HtmlLoadOptions options = new HtmlLoadOptions();
options.InputEncoding = "UTF-8";

Aspose.Pdf.Document pdf = new Aspose.Pdf.Document("Htmlfile.html", options);
pdf.Save("output.pdf");

Best Regards,

tilal.ahmad · July 9, 2015, 10:55pm

Hi there,

In addition to above reply, we will appreciate it if you please share your sample MHTML document her. It will help us to understand and address your issue exactly.

Best Regards,

tech.s-und-n.de · July 13, 2015, 8:50am

The application runs on a remote computer. Unfortunately I don’t have direct access, thus I cannot provide a file.

Using the HtmlLoadOptions with InputEncoding = “UTF-8” solves the encoding problem, but the images are not included in the PDF file.

Code:

var path = @“C:\temp\test”;


var htmlFile = @“test.html”;


var pdfFile = @“test.pdf”;


var options = new HtmlLoadOptions(path)


{
    InputEncoding = “UTF-8”


};


var pdfDocument = new Document(Path.Combine(path, htmlFile), options);


pdfDocument.Save(Path.Combine(path, pdfFile));

All ‘embedded’ files are in a sub directory.

img src="./(M)HTML to PDF conversion does not support Unicode - Aspose.Pdf Product Family - Forums_files/0b0d5b79-9f1a-4862-9a92-a5c852cc1e1b.gif" alt=“Aspose Staff Member” style="border-width:0px;"

The ‘src’ attribute may not start with ‘.’. You can save a full website with Google Chrome (it’s just an example, I don’t want to use the WebRequest API).

codewarior · July 14, 2015, 8:00am

Hi,

Thanks for sharing the details.

During our testing, we did not notice any issue related to image rendering when converting HTML files to PDF format, however in order to replicate the issue you are facing, you may consider saving the contents over system, save respective images in directory and share the resources with us, so that we can further look into this matter.

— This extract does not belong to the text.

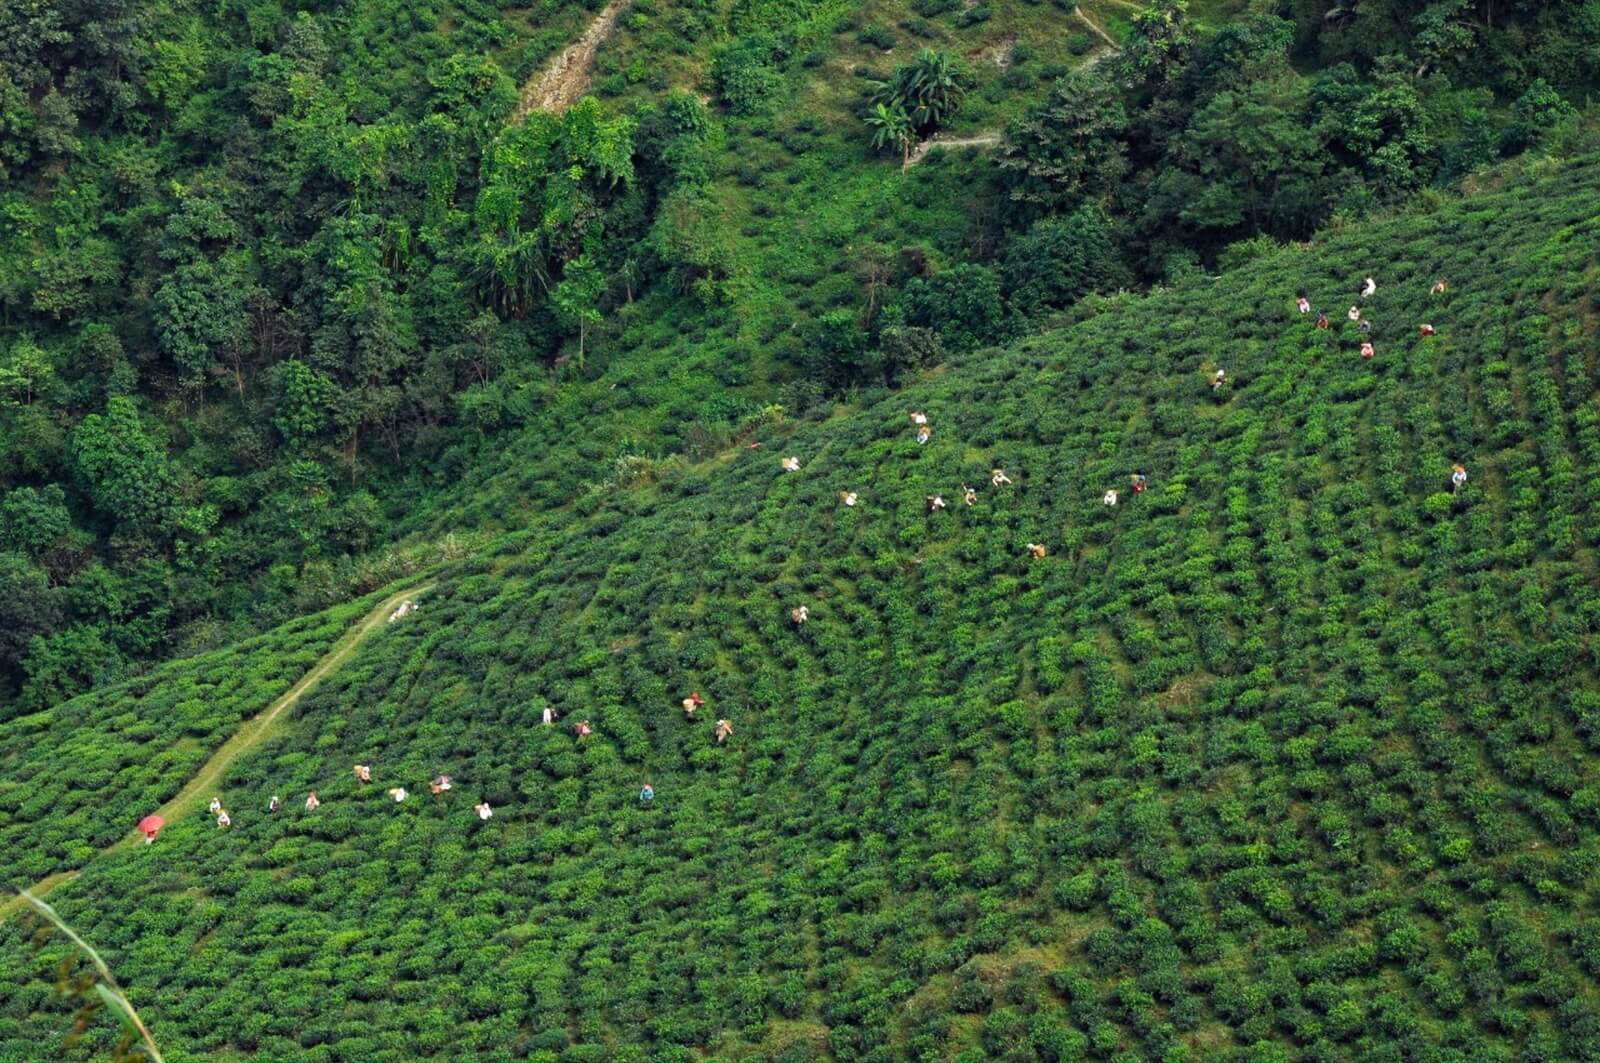 A view of Mirik Valley, a quaint tea estate of Darjeeling district in West Bengal, India

tech.s-und-n.de · July 15, 2015, 3:32am

I’ve uploaded a sample project.

The error occurs if the file path uses ‘%20’ instead of spaces.

src=“test file.png” → OK

src=“test%20file.png” → not OK

After reading the documentation I could create a workaround:

var options = new HtmlLoadOptions(baseDirectory)


{
    InputEncoding = “UTF-8”


};


options.CustomLoaderOfExternalResources = (resourceUri) =>


{
    var fileBytes = System.IO.File.ReadAllBytes(Path.Combine(options.BasePath, Uri.UnescapeDataString(resourceUri)));
    return new LoadOptions.ResourceLoadingResult(fileBytes);


};

In my opinion, the internal resource loader should do this. The PDF conversion works now. Nevertheless I’m looking forward for the Unicode encoding support for MHTML files. Using the MHTML approach, I do not have to delete the external files.

codewarior · July 16, 2015, 6:54am

Hi,

Thanks for sharing the sample project.

I have tried replicating the issue and have observed that application hangs during conversion process. Can you please double check at your end.

tech.s-und-n.de · July 17, 2015, 7:44am

It works for me, but it took quite a while (~ 5 minutes) and the memory usage jumps up to 700 MB.

The license is not included (“C:\Aspose.Pdf.lic”). I’m using Visual Studio 2013 Premium.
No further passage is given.